• **Task**: Extract the full listing verbatim and drop any pictures from your copy.

• **Provided material**:

%%

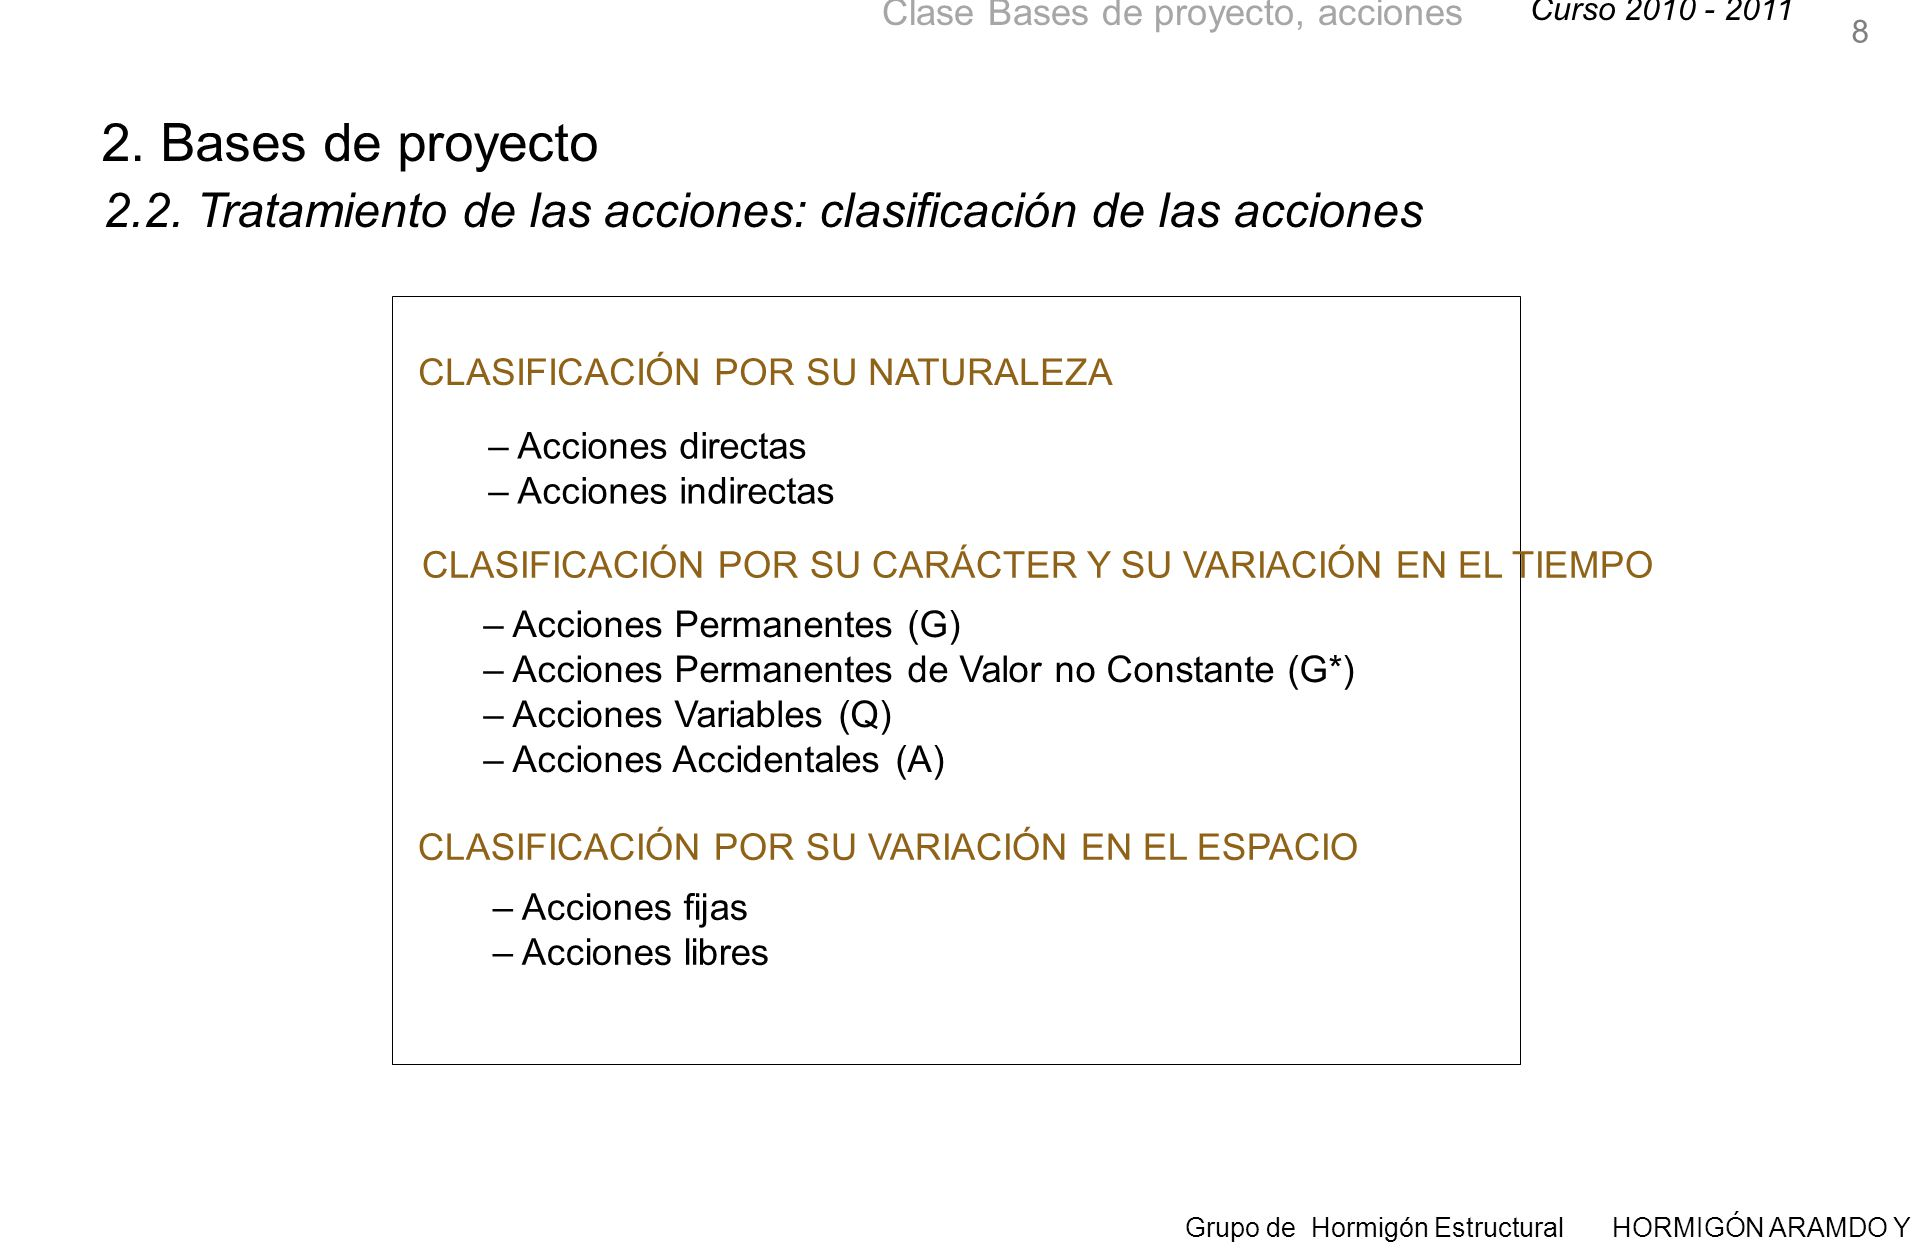 Curso 2010 - 2011 Grupo de Hormigón Estructural HORMIGÓN ARAMDO Y PRETENSADO II Clase Bases de proyecto, acciones 19 2.5.
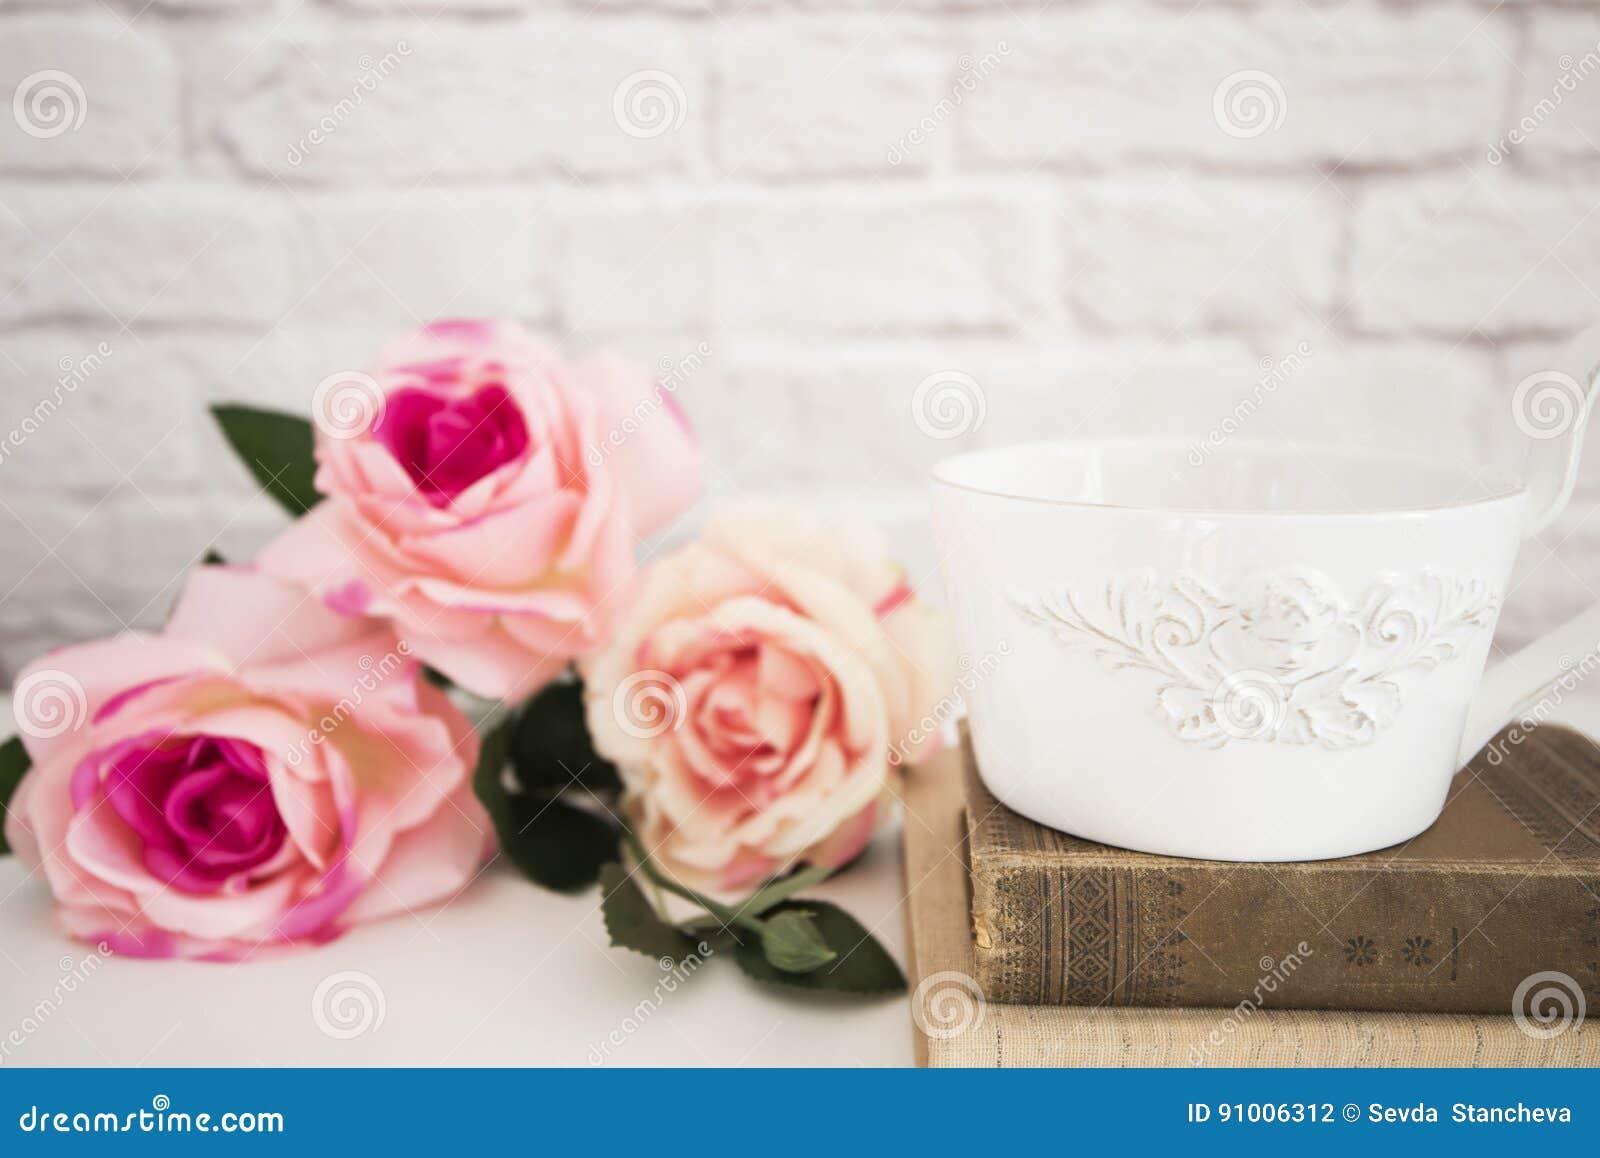 Ramalhete das rosas em uma mesa branca, A grande xícara de café sobre livros velhos, fundo floral romântico do quadro, zombaria d
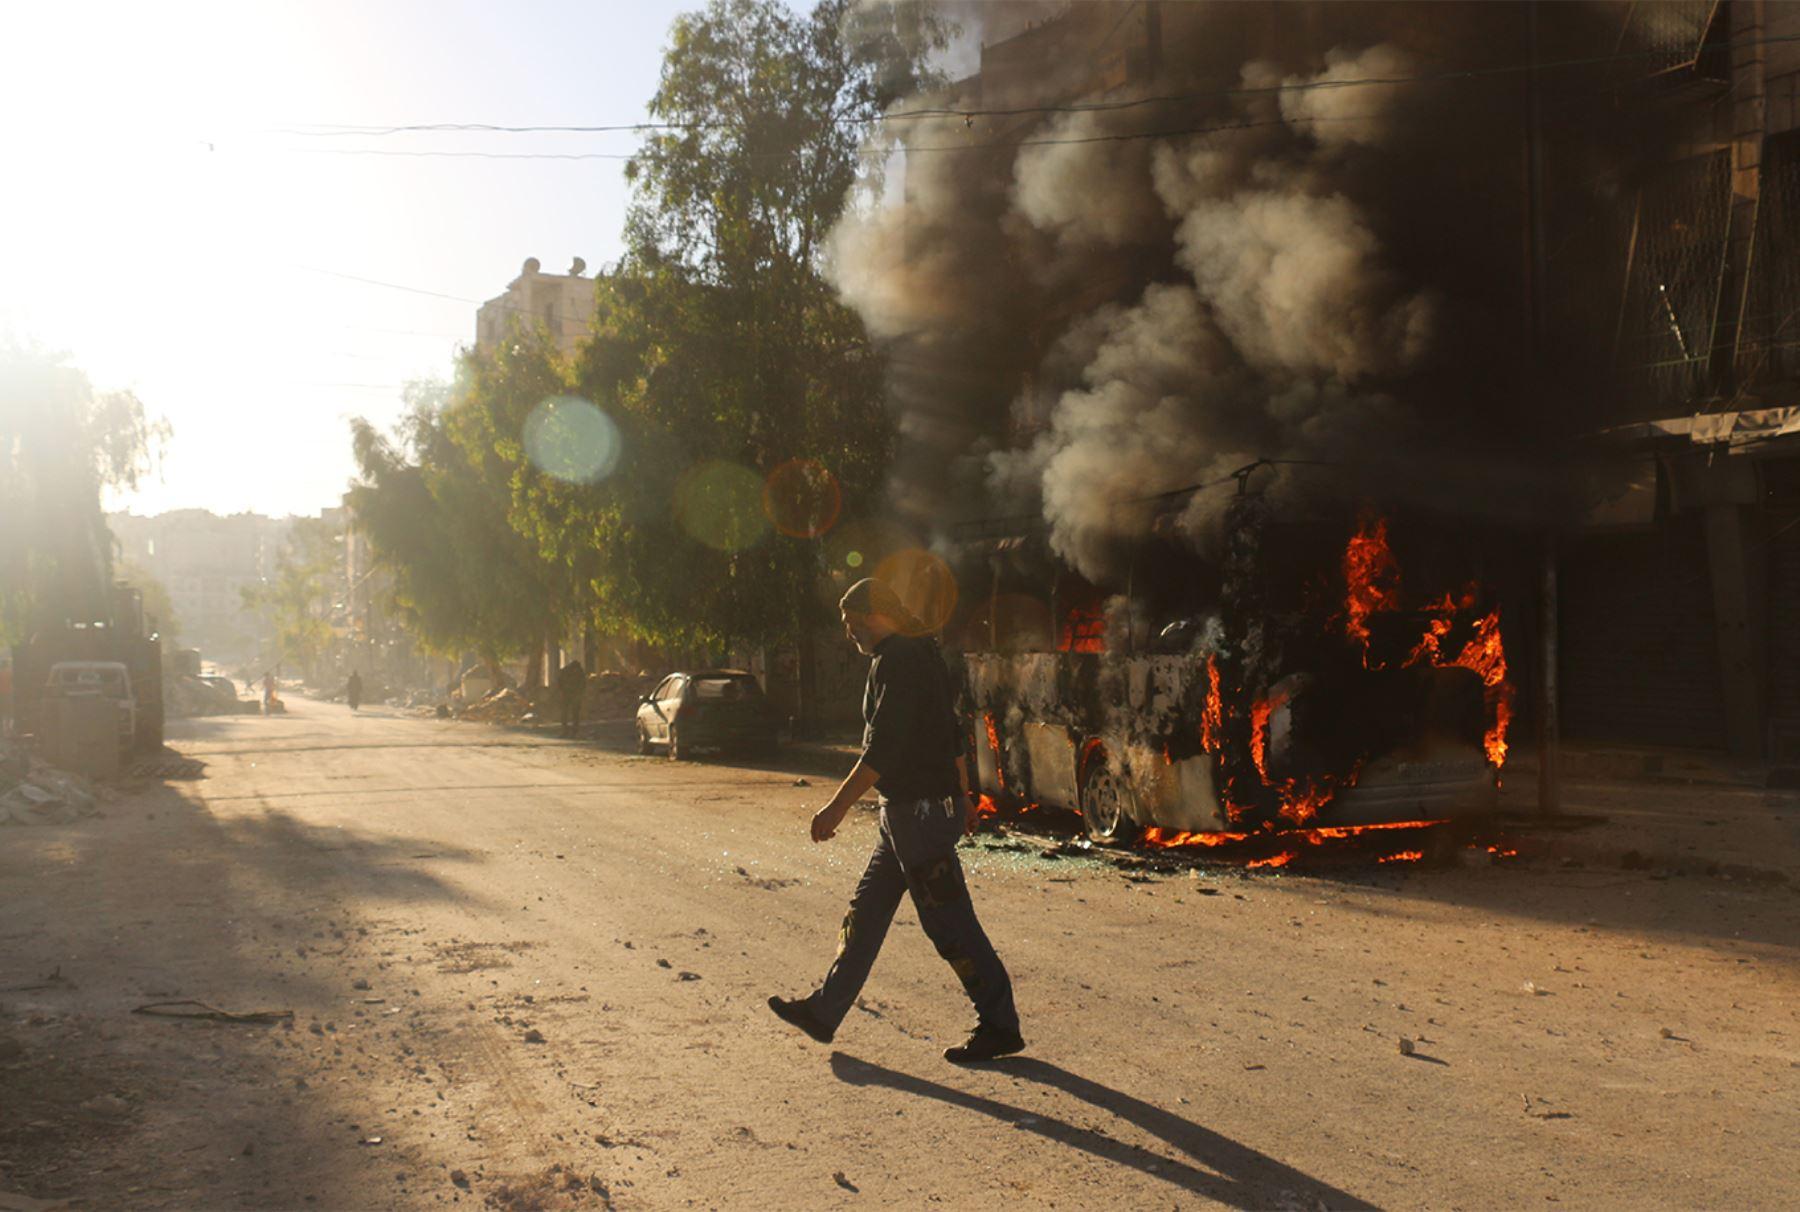 Un hombre sirio pasa junto a un autobús incendiado tras un ataque aéreo reportado en el distrito controlado por los rebeldes Salaheddin de Alepo.  Foto: AFP

%%

• **Written response**:
 Curso 2010 - 2011 Grupo de Hormigón Estructural HORMIGÓN ARAMDO Y PRETENSADO II Clase Bases de proyecto, acciones 19 2.5.
 Ramalhete das rosas em uma mesa branca, A grande xícara de café sobre livros velhos, fundo floral romântico do quadro, zombaria d
 Un hombre sirio pasa junto a un autobús incendiado tras un ataque aéreo reportado en el distrito controlado por los rebeldes Salaheddin de Alepo.  Foto: AFP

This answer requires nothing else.